Leonora Carrington
I have mentioned Leonora Carrington before, but while I was in Venice in July 2022, I was able to see more of her work at the Biennale and the Guggenheim Collection. I was drawn to her anthropomorphic figures and the atmosphere in her paintings. The figures helped me to recall my own propensity to draw hybrids. 
Dorothea Tanning
I found Dorothea Tanning's work in the same exhibits. Particularly, I was moved by her painting, 'The Magic Flower Game' which seems to capture a moment of agency before transformation. It was powerful in a quiet way that made me think about all the internal metamorphoses we go through. I attempted to capture this sense in the video I made. 
Paula Rego
Several of Paula Rego's larger pastel works were shown at the Biennale in Venice. I was struck by the way Rego portrayed women in different stages and situations – all of them silently telling a story. Their faces became irrelevant – their expressions and their roles stood out. I thought that all of those women in the works could have been one woman, and I suspect they were.  
Robert Heinecken
Heinecken's work 'Venus Mirrored' (1968) is a photo sculpture made with negatives layered inside glass.
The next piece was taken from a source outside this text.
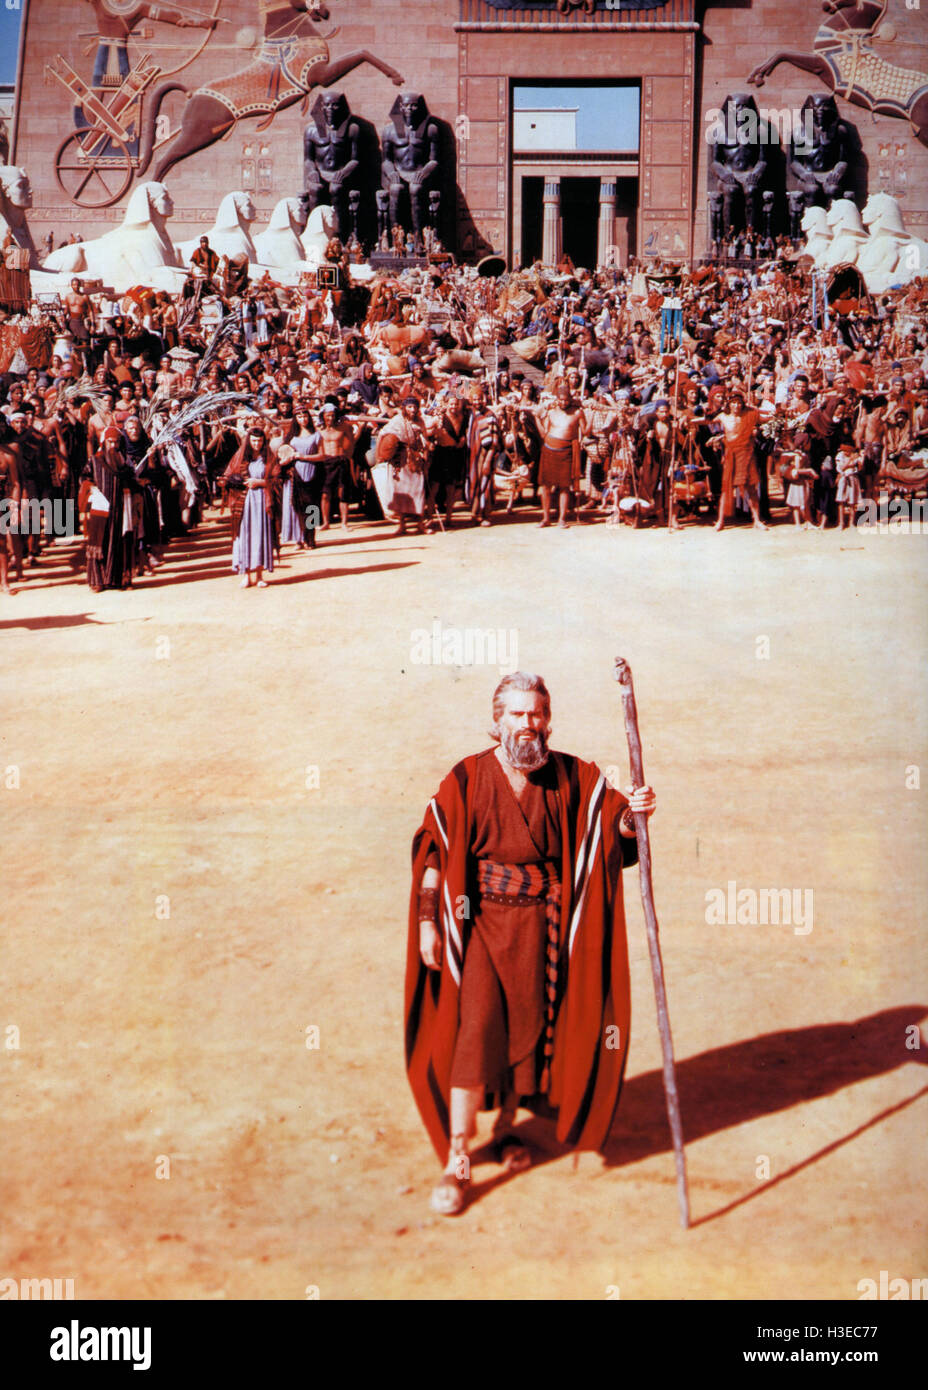 THE TEN COMMANDMENTS 1956 Paramount film with Charlton Heston as Moses - Stock Image

I was visually inspired by this work and the idea of layered bodies it presented. It suggested that if you look closely, there are several people inside one body. 
Ian Craib
Ian Craib's book 'Experiencing Identity' (Sage, 1998) helped me to consolidate my ideas. Particularly his idea of "endless self-creation" and our agency in shaping them and its limits. He writes, "...it is important to consider under what conditions one might be able to prescribe, erase and rewrite one's identity... Once I am seen my ability to revise my identity is limited: I cannot become a blonde teenage girl or a man who is 120 years old". 
Conversations
One of the things that go largely unacknowledged when talking about research is informal personal conversations. Yet, most often I have found that these conversations have brought quite a lot of insight for me because they allow us to seamlessly connect our lived experiences with how we make sense of them using a variety of critical tools available to us. Conversations I have had with the following artists and friends have been pivotal to making this piece and it is their voices in addition to mine that you hear in 'There are so many here I don't know how we will ever get along'.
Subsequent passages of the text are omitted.